Now, a new study published in the Astrophysical Journal reveals some of the remarkable findings captured by the probe during its journey, including mindblowing images of the CME's tempestuous interior in visible light.

The photos, assembled into a video below, depict turbulent eddies storming past the probe that the researchers believe are the signatures of a rarely observed phenomenon called Kelvin-Helmholtz instabilities (KHI).

If so, it's the closest look yet of these interactions in a coronal mass ejection, deepening our understanding of how these huge expulsions of plasma blow through our solar system.
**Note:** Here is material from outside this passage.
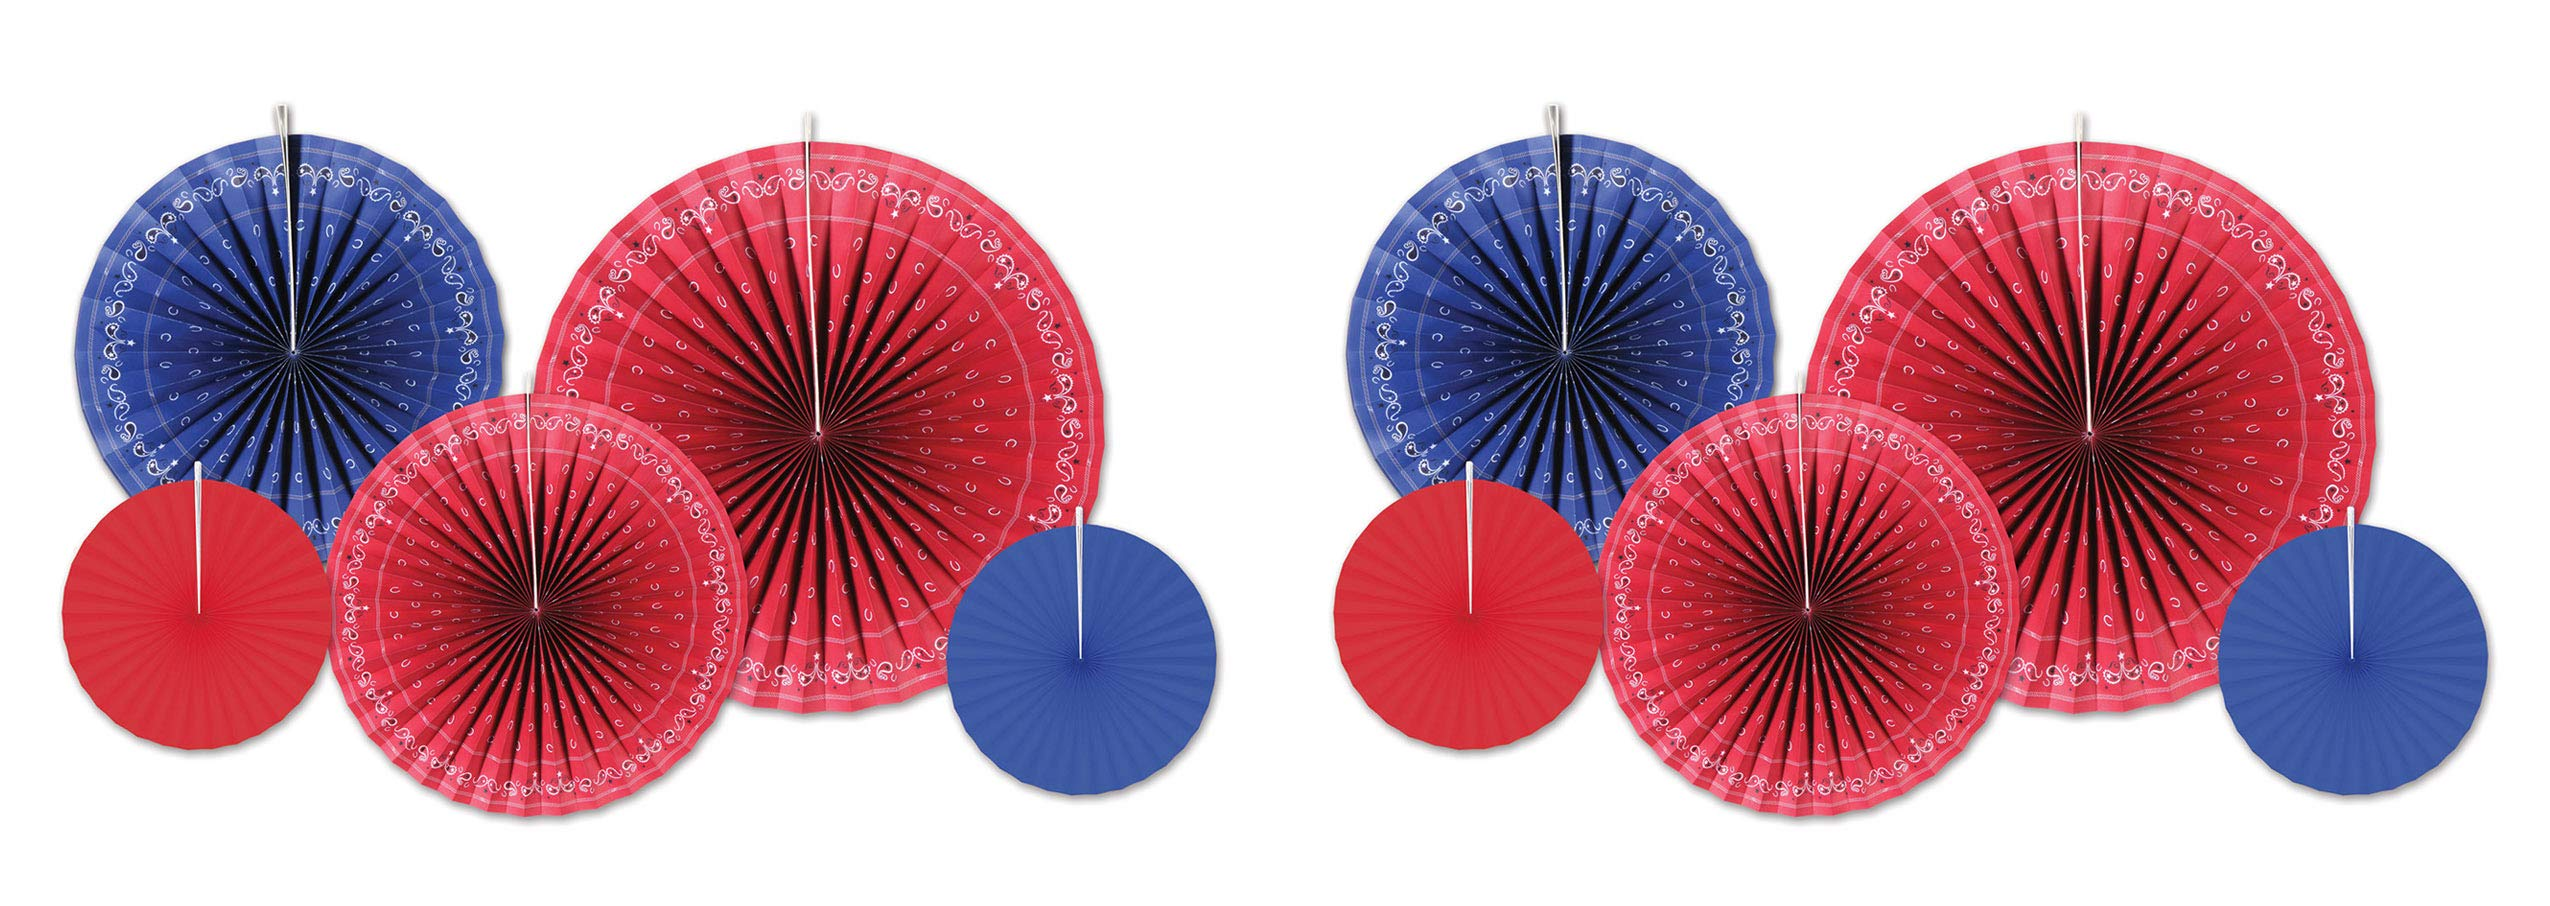 Beistle 59542 Bandana Accordion Paper Fans 10 Piece, 9'' - 16'', Red/Blue

"We never anticipated that KHI structures could develop to large enough scales to be imaged in visible light CME images in the heliosphere when we designed the instrument," said Angelos Vourlidas.

Cooked

Kelvin-Helmholtz instabilities are seldom observed on Earth, where they most visibly manifest as wave-like fluctus clouds. They arise from the interaction of two adjacent streams of fluids moving at different velocities.

In a coronal mass ejection, this can occur at the boundary between flows of hot plasma and solar wind, a continual stream of charged particles emitted from the Sun's upper atmosphere, the corona.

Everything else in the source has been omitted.